Munin is a free and open-source computer system monitoring, network monitoring and infrastructure monitoring software application. Munin is written in Perl and uses RRDtool to create graphs, which are accessible over a web interface.Its emphasis is on plug and play capabilities. About 500 monitoring plugins are currently available. It is intended to make it easy to determine 'what's different. Welcome to the Munin Guide. Stable-2.0 master Downloads pdf htmlzip epub On Read the Docs Project Home Builds Free document hosting provided by Read the Docs. Peakhour 4 4 0 4. Munin は Perl で書かれたリソース監視ツール。RRDtool でグラフを作成している。 バージョン情報. 安定版は 2017-10-21 リリースの 2.0.34 で、EPEL リポジトリーで提供されている。 最新評価版は 2017-01-21 リリースの 2.99.3 になる。.
Munin is a program that gives you some graphs about your system that you can visualize from a web page.
there are two parts to this, the server and the client, you can have one server and as many clients (nodes) as you may need, and so from the server you can read the infos from your nodes. in this tutorial i'll show you the most basic setup, you will be able to complicate things on your own.
Installation
on Debian all you need to do is:
apt-get install munin munin-node
Dr fone toolkit for ios 8 6 1. these folders will be created:
- /var/www/munin
- /etc/munin/
- /usr/share/munin/plugins/
server configuration
In /etc/munin/munin.conf there should be:
dbdir /var/lib/munin htmldir /var/www/munin logdir /var/log/munin rundir /var/run/munin
if you want to change something, like htmldir, this is where you do that.

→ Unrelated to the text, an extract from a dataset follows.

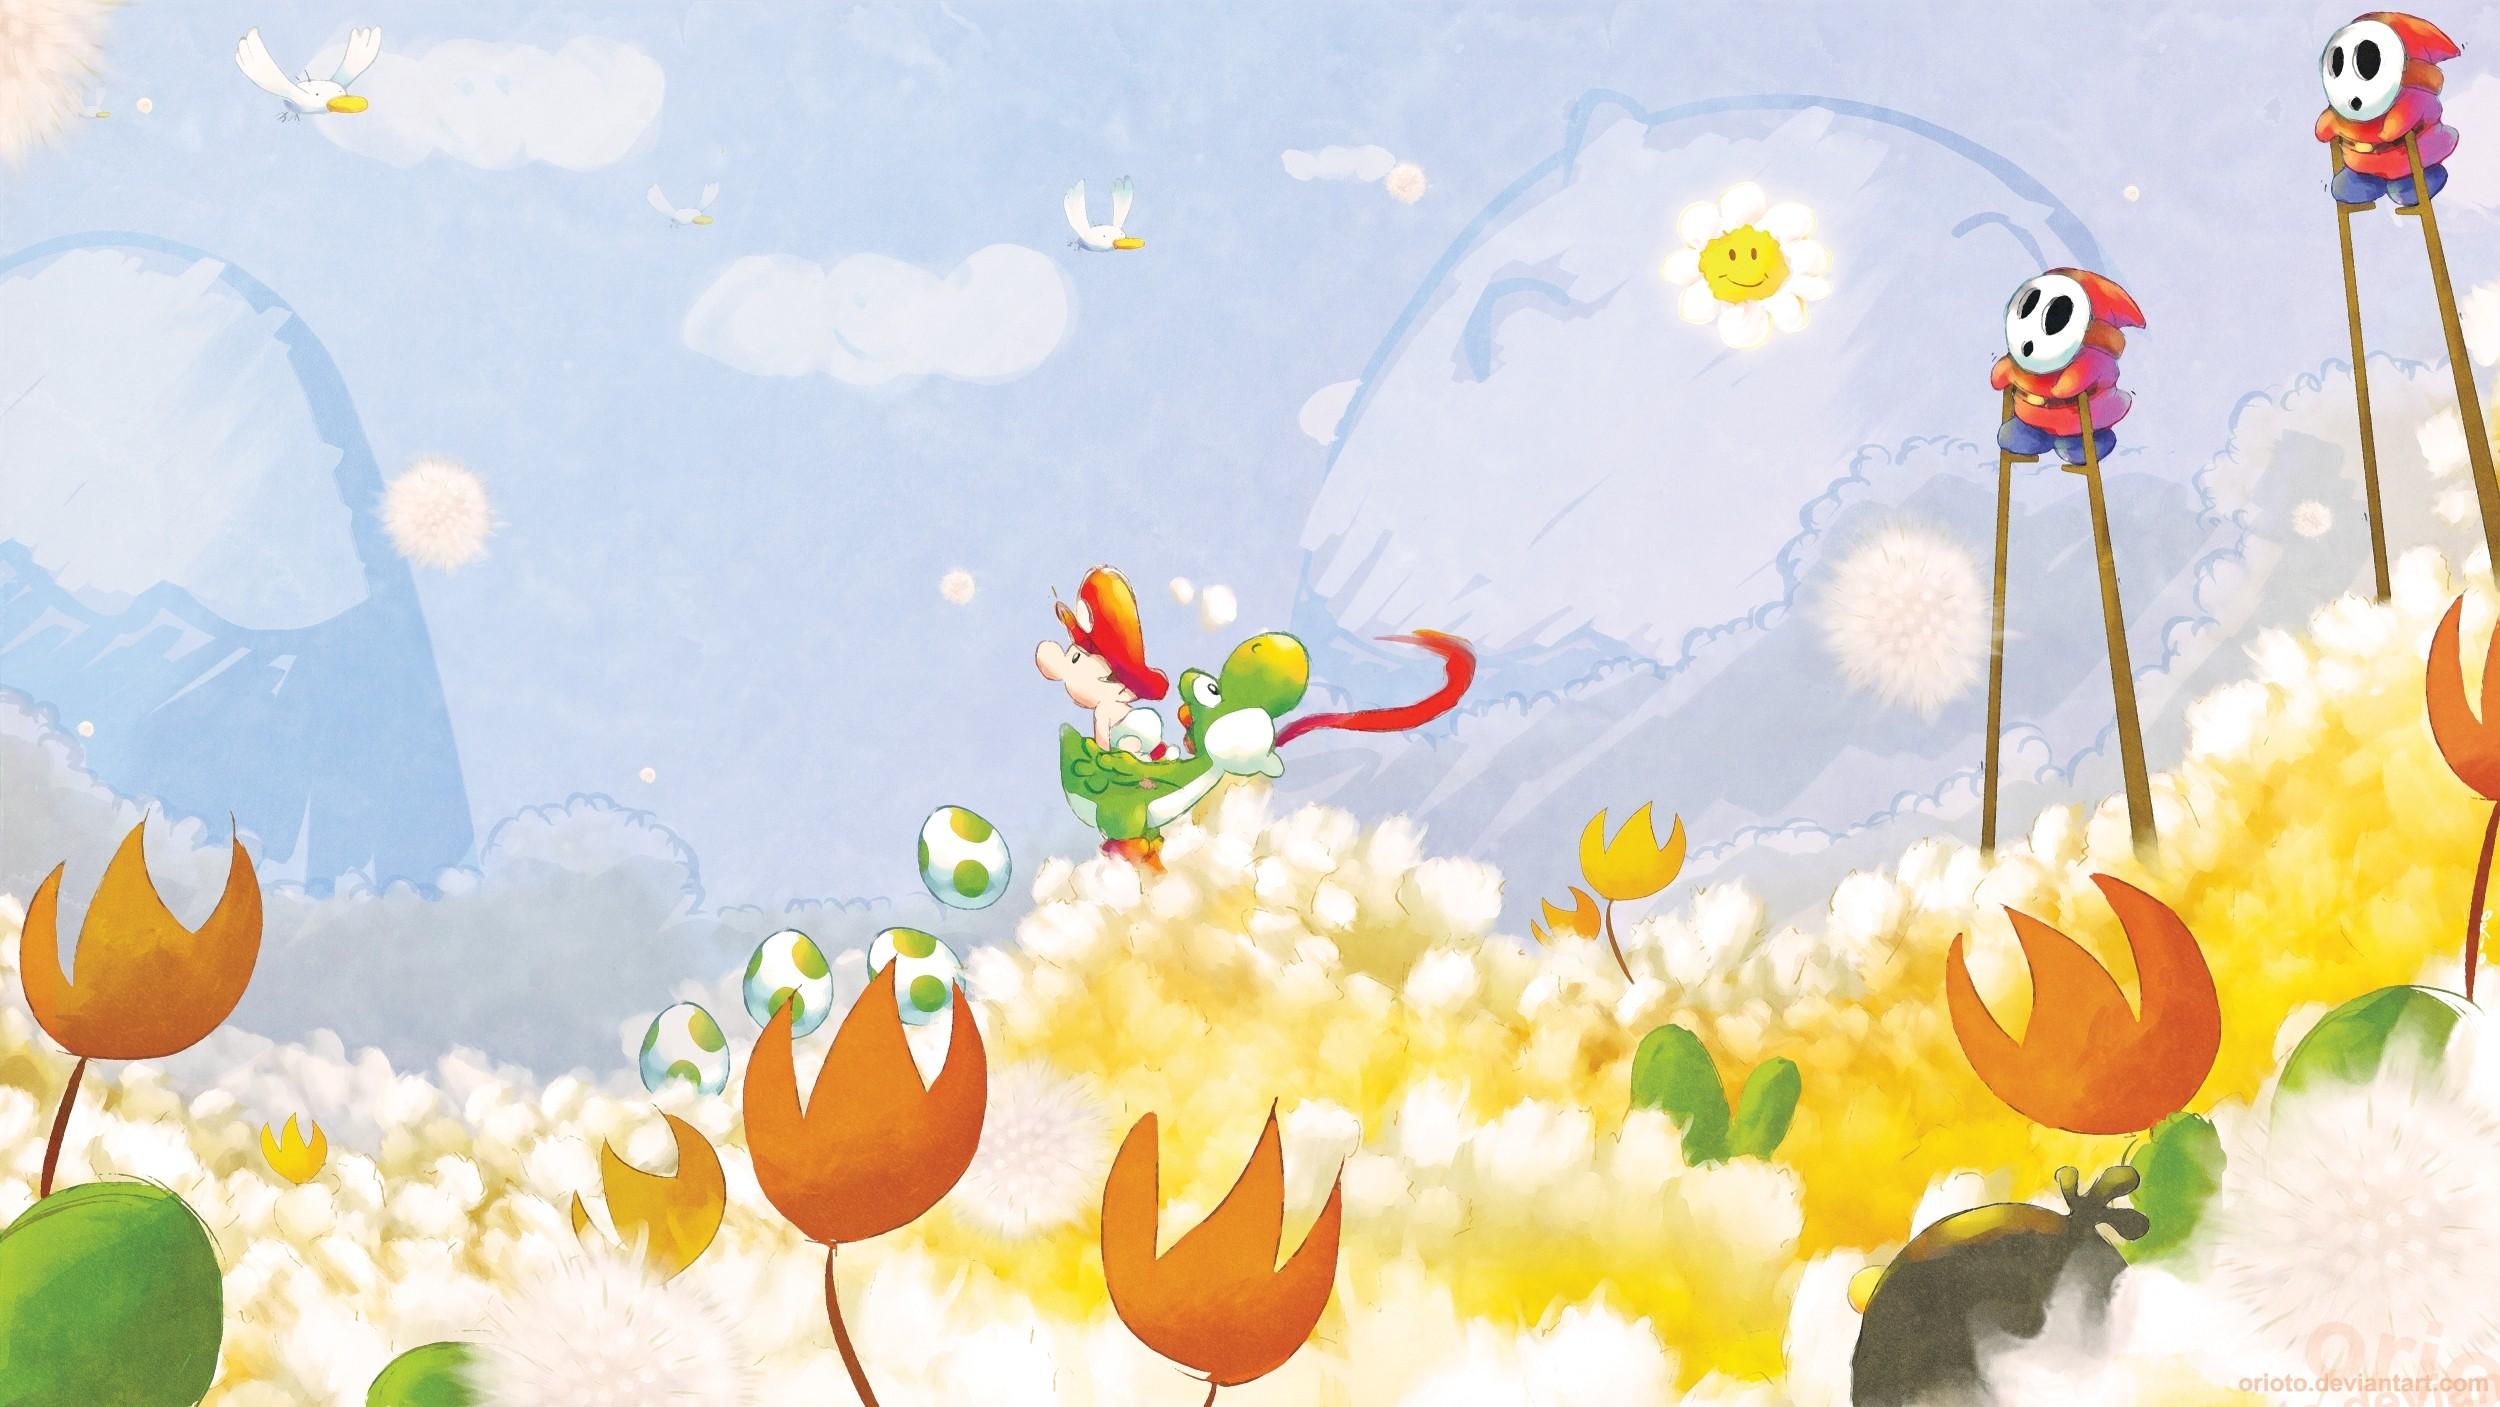 デスクトップ壁紙 図 ビデオゲーム ブランチ 黄 ヨシ ヨッシー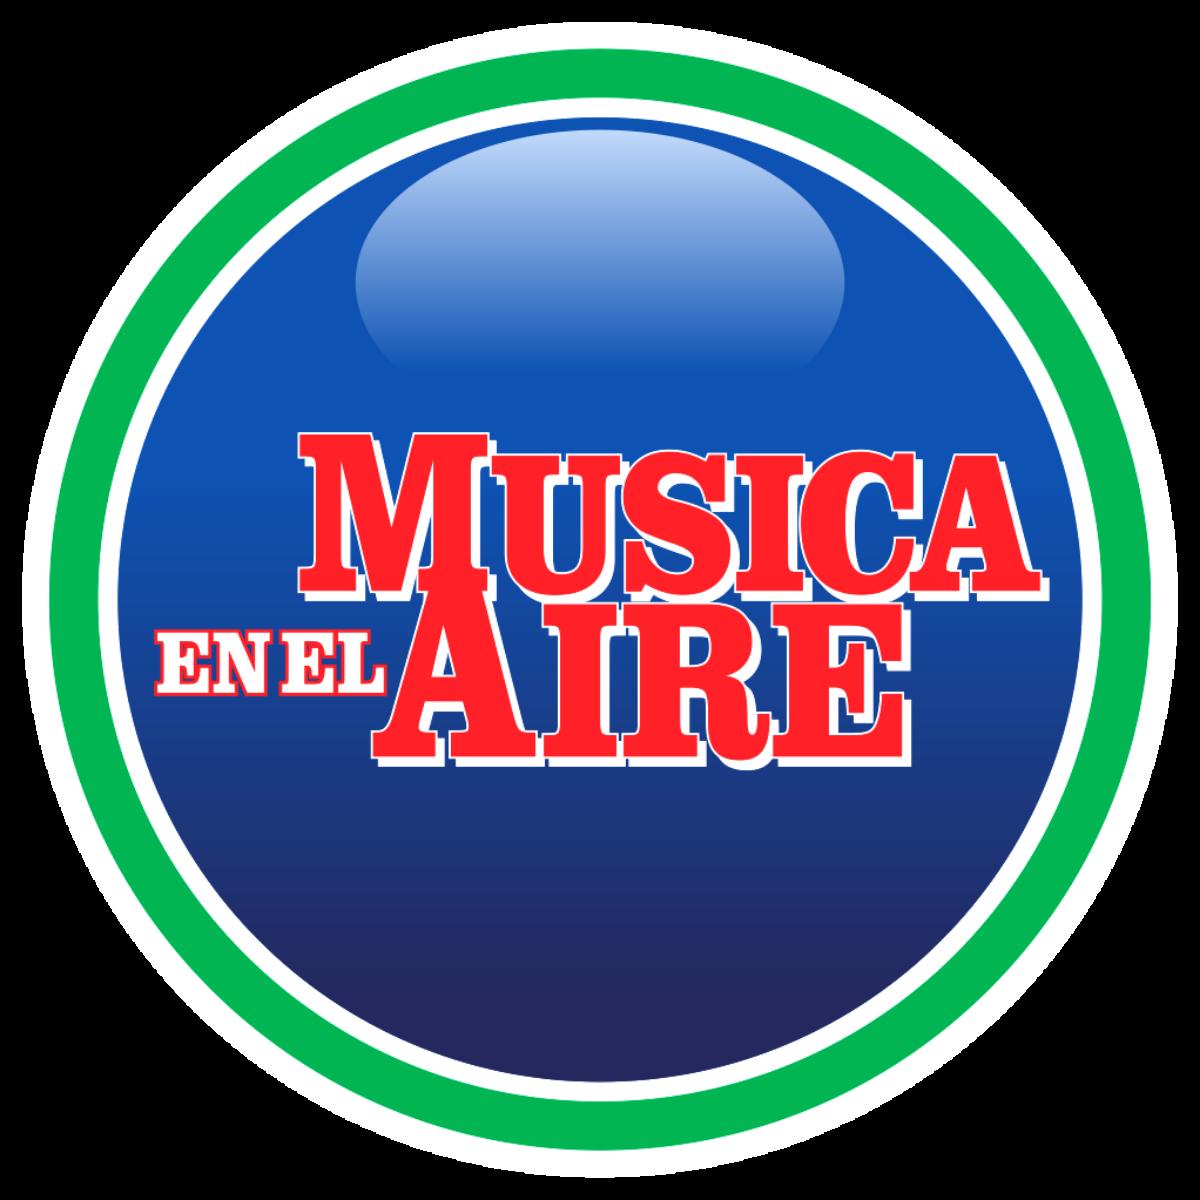 https://musicaenelaire.net/wp-content/uploads/2021/07/MUSICA-EN-EL-AIRE-Logo-PNG.png

you can also modify (example):
[localhost.localdomain] address 127.0.0.1 use_node_name yes
to
[machinename.lan] address 127.0.0.1 use_node_name yes
this tells the server which nodes it needs to get infos from and there name (can help to know what you are looking at). this would be where you can add your nodes
looking at the graphs
![Muni 10 bus Muni 10 bus](https://www.laseeb.org/munin/Servers/homeserver.laseeb.org/if_enp0s3-week.png)
all you need to do is point your browser to the page defined by htmldir, in this case: /var/www/munin Money pro 2 0 – manage money like a professor.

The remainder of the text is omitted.